WORK ITEM => The answer must be only the lines below from the one holding "Herbalife TRI BLEND" down to the one holding "Best Public Relations", ends included, printed exactly; please omit all pictures.

DATA SHOWN =>
□ □ □ □ □ □ □
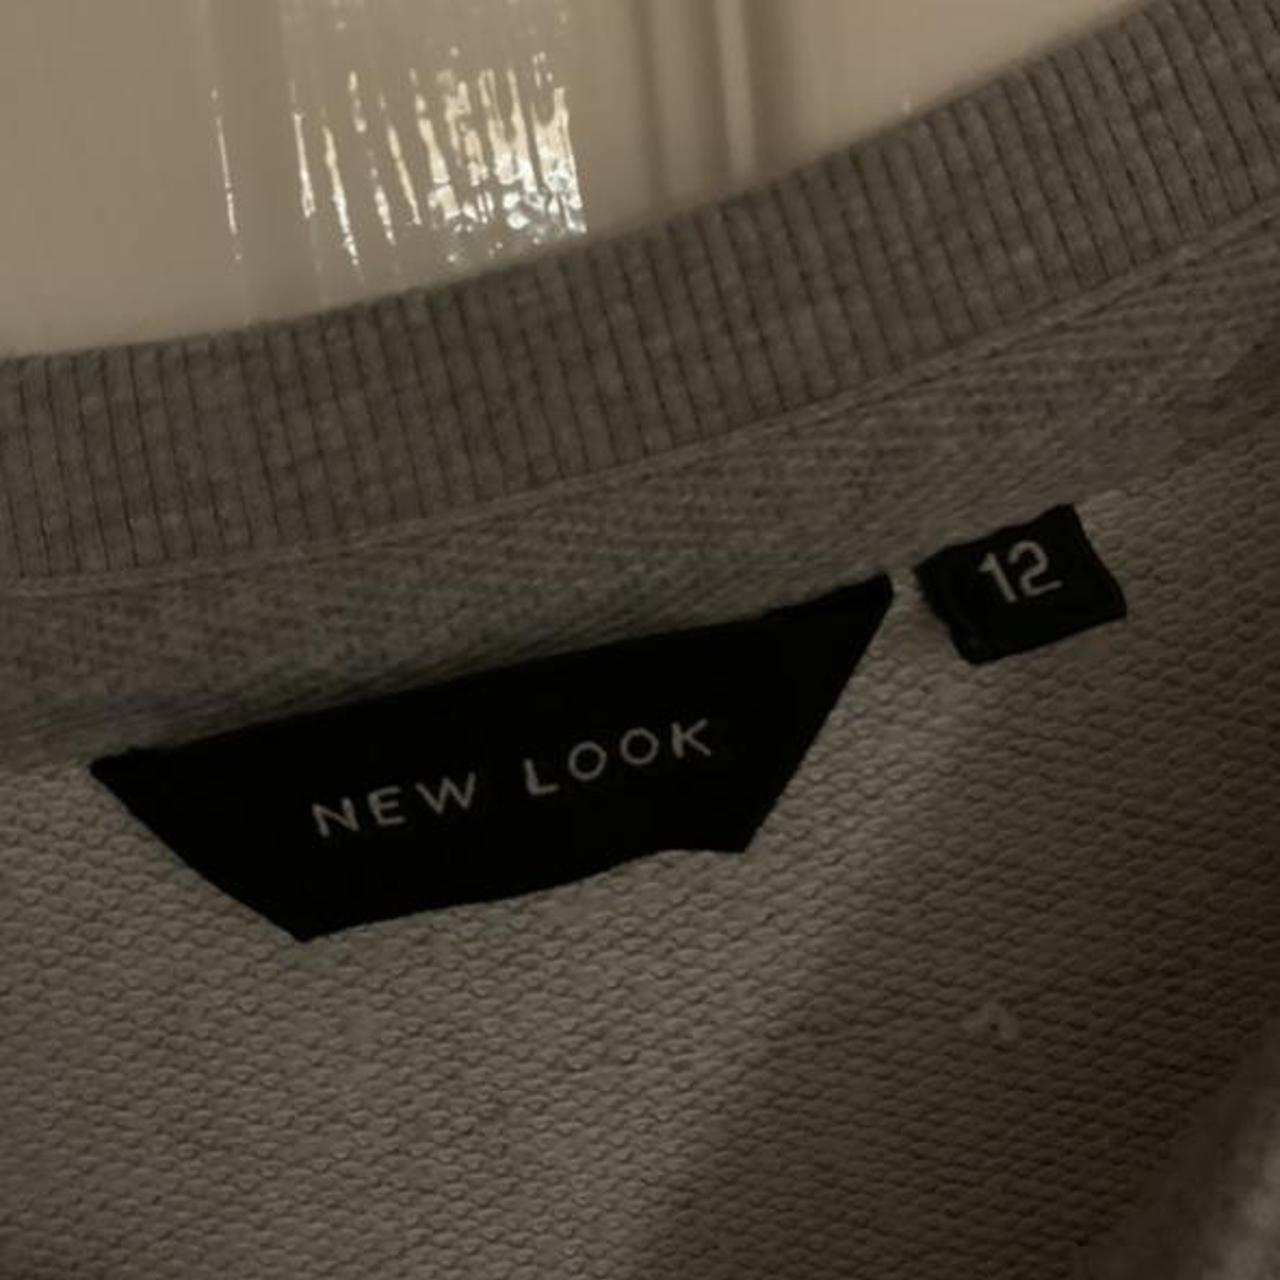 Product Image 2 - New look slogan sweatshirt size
□ □ □ □ □ □ □
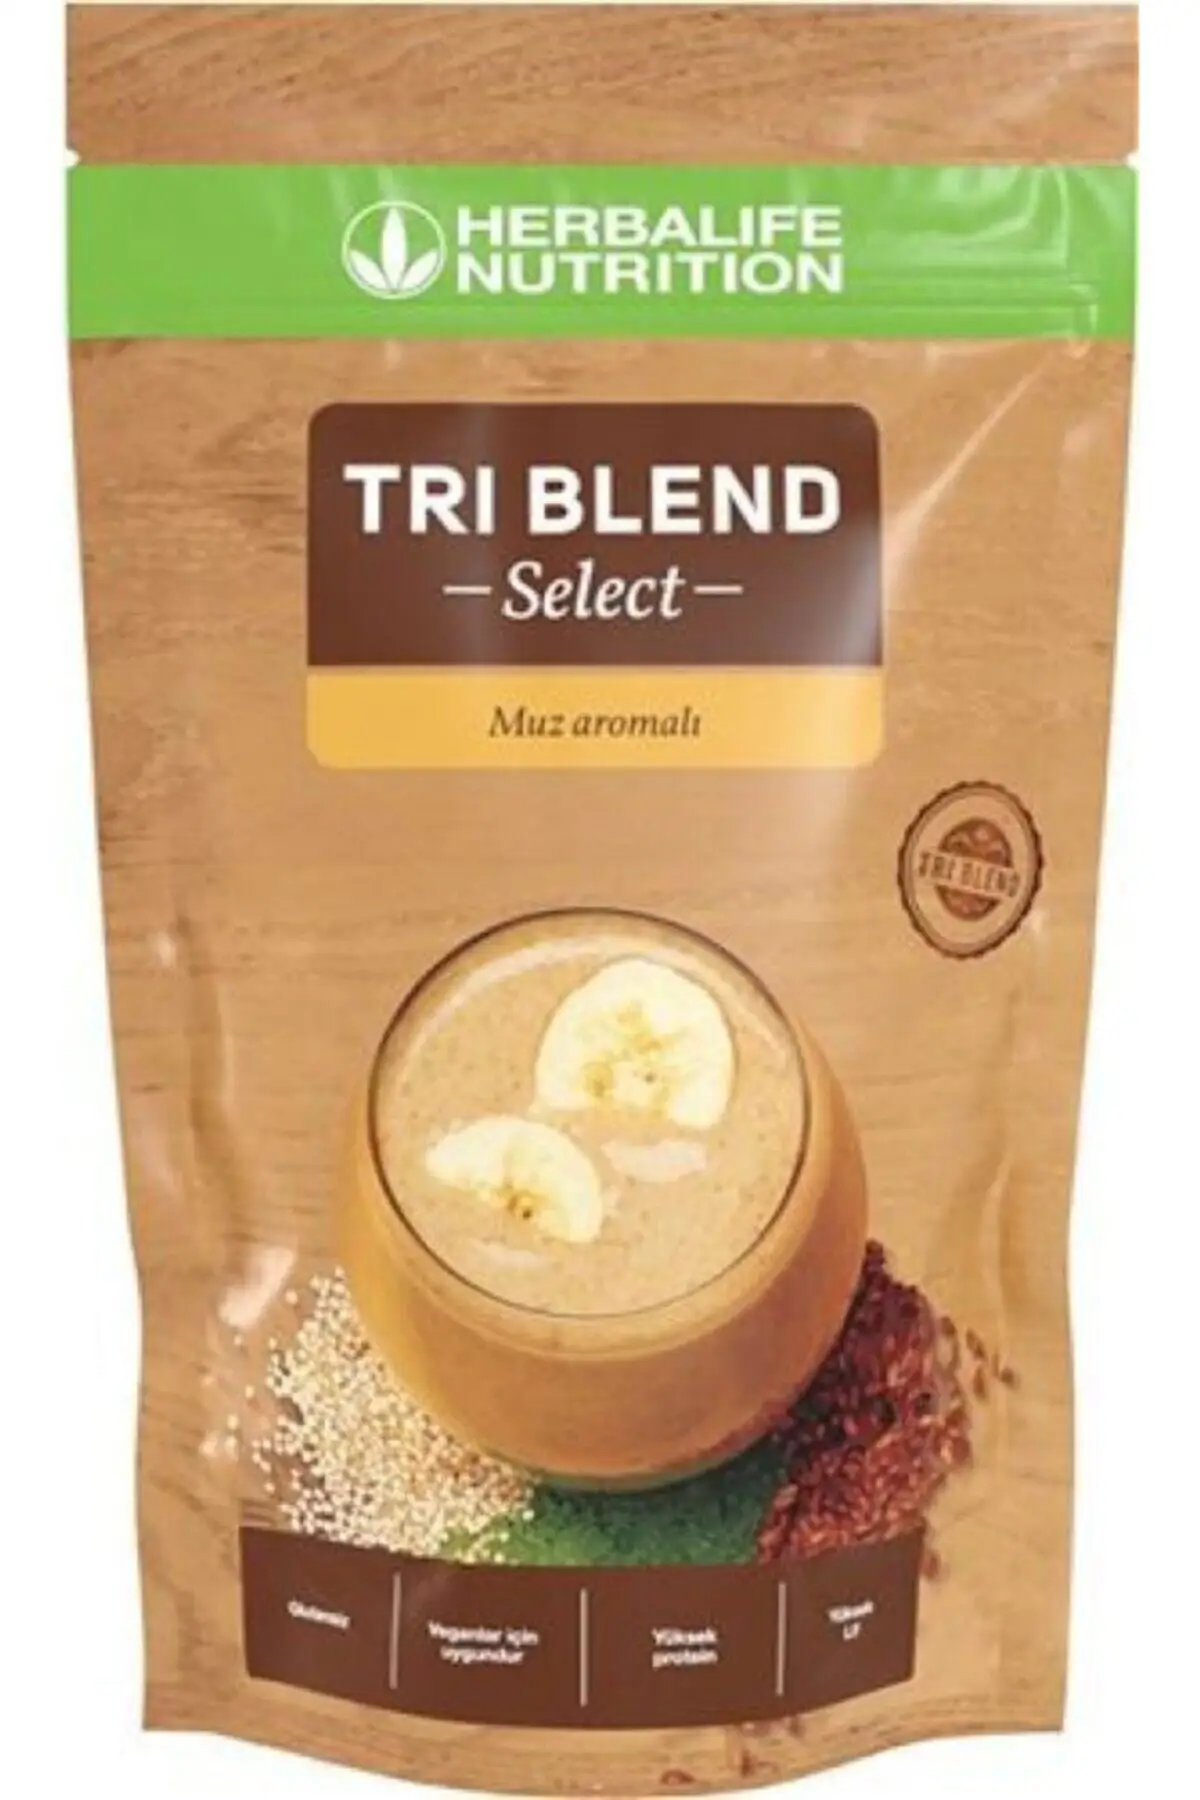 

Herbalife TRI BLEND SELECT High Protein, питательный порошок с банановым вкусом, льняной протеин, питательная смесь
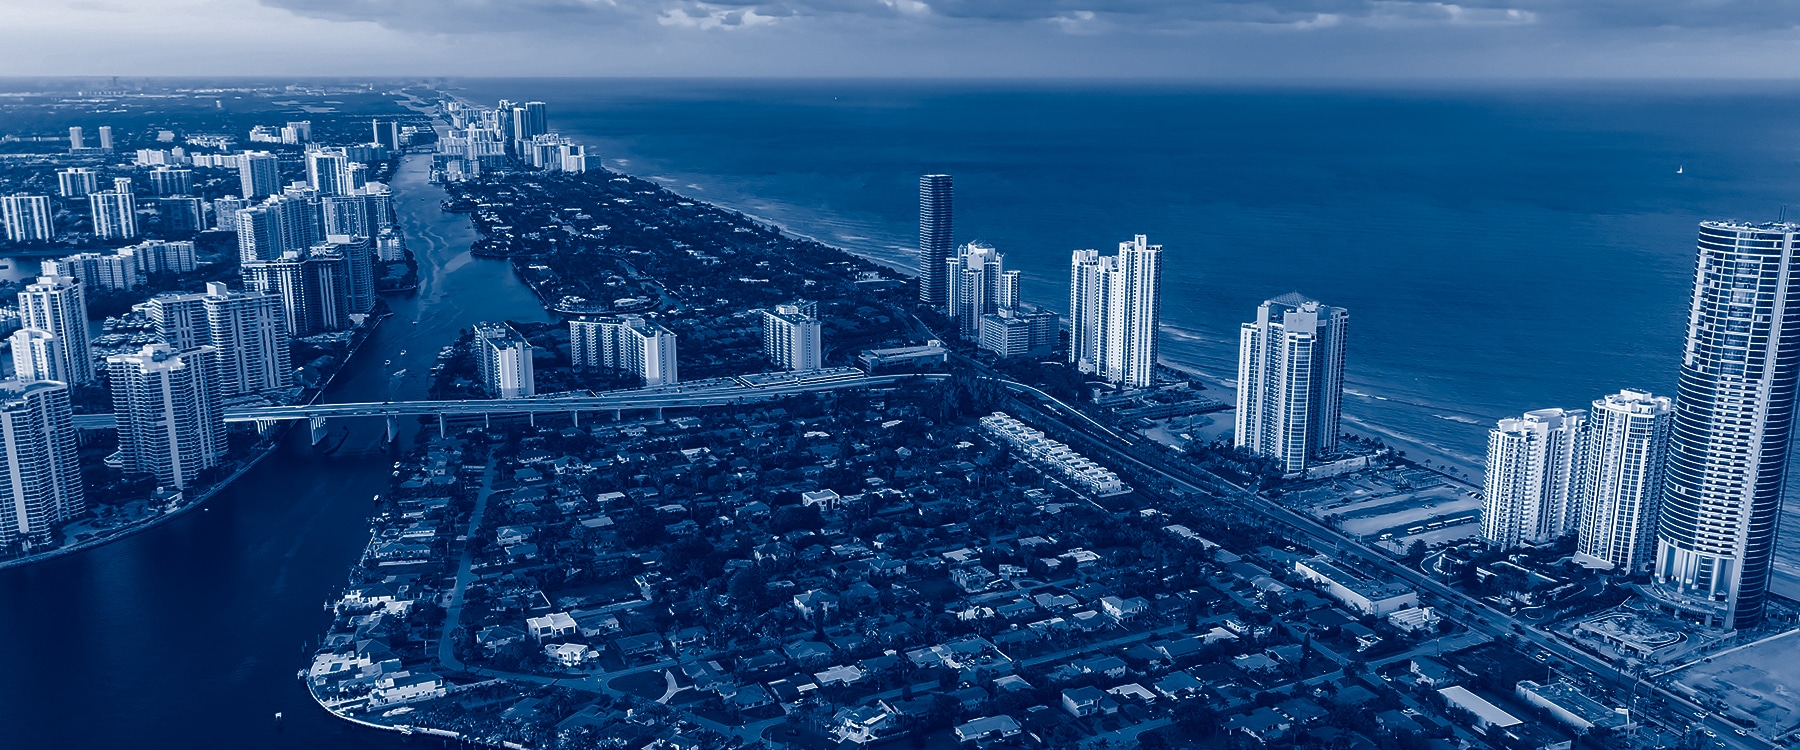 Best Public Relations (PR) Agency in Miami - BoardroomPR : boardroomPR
□ □ □ □ □ □ □
OUTPUT FOR THIS EXERCISE =>
Herbalife TRI BLEND SELECT High Protein, питательный порошок с банановым вкусом, льняной протеин, питательная смесь
 Best Public Relations (PR) Agency in Miami - BoardroomPR : boardroomPR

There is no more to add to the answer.